Opinion / Op-Ed Contributors

Not going against the grain

By Shi Xia (China Daily) Updated: 2014-03-04 08:11

Food security is not only about having enough food to feed all the people in China but also about ensuring that the food is safe

Even in a year of excellent harvest, China faces a food shortage. Although crop output has continuously increased in the past decade and the overall grain production in 2013 broke the 600-million-ton mark for the first time, it is no easy task for China to become self-sufficient in food grains.

With the rapid increase in population and consumption, the gap between demand for and supply of food has been widening. In 2012, China's self-sufficiency rate in food dropped below 90 percent, and net imports of three major crops (wheat, corn and rice) became a normal phenomenon.

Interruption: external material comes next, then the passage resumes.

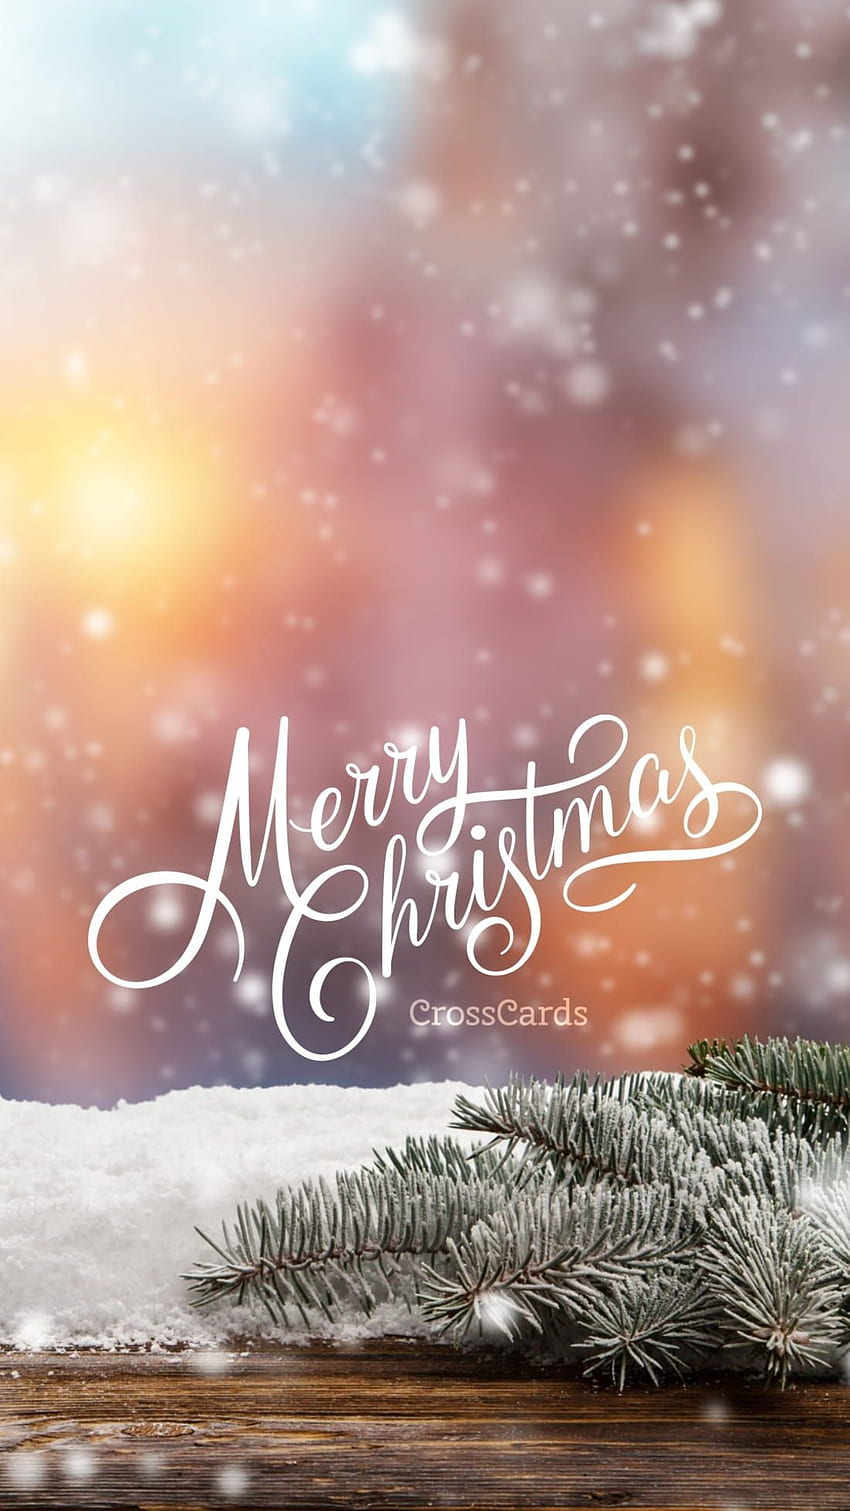 Merry Christmas to You - Phone and Mobile Background HD phone wallpaper

Given the ever-increasing prices of grains, China's food security is now directly related to its national security and sovereignty. In fact, to illustrate the central government's understanding of food security, the Central Rural Work Conference said: "Chinese people's bowls should be tightly held in their own hands, and the bowls should be filled with Chinese crops. Only if a country is self-sufficient in food production can it ... (ensure) food security and further grasp the overall situation of social and economic development."

Food security refers not only to enough food to feed the entire population, but also to food safety. Food security focuses on the capacity to supply food in the short as well as long terms. Therefore, to ensure food security, the authorities have to have a better understanding of food safety and accord it the needed importance.

China faces great challenges in terms of food security. First, agriculture has become less profitable forcing many farmers to look to other fields to earn a living. Agriculture's economic scale is comparatively low in China. In 2012, for instance, the per capita net income of Chinese farmers was 7,917 yuan ($1,306), and only 26.6 percent of it came from agriculture. And in 2013, farmers earned 45.8 percent of their overall income from nonfarming activities. So farming-being a drain on the young workforce in rural areas-is carried out mostly by elderly people and women.

Second, rapid industrialization and urbanization have eaten into good agricultural land and caused soil pollution. Ministry of Land and Resources data show that from 1998 to 2011, China's agricultural land decreased by about 8 million hectares, with the total farmed area almost dropping to the "red line" of 120 million hectares. This is not a healthy development, especially as there are already reports on farmland being polluted by heavy metals.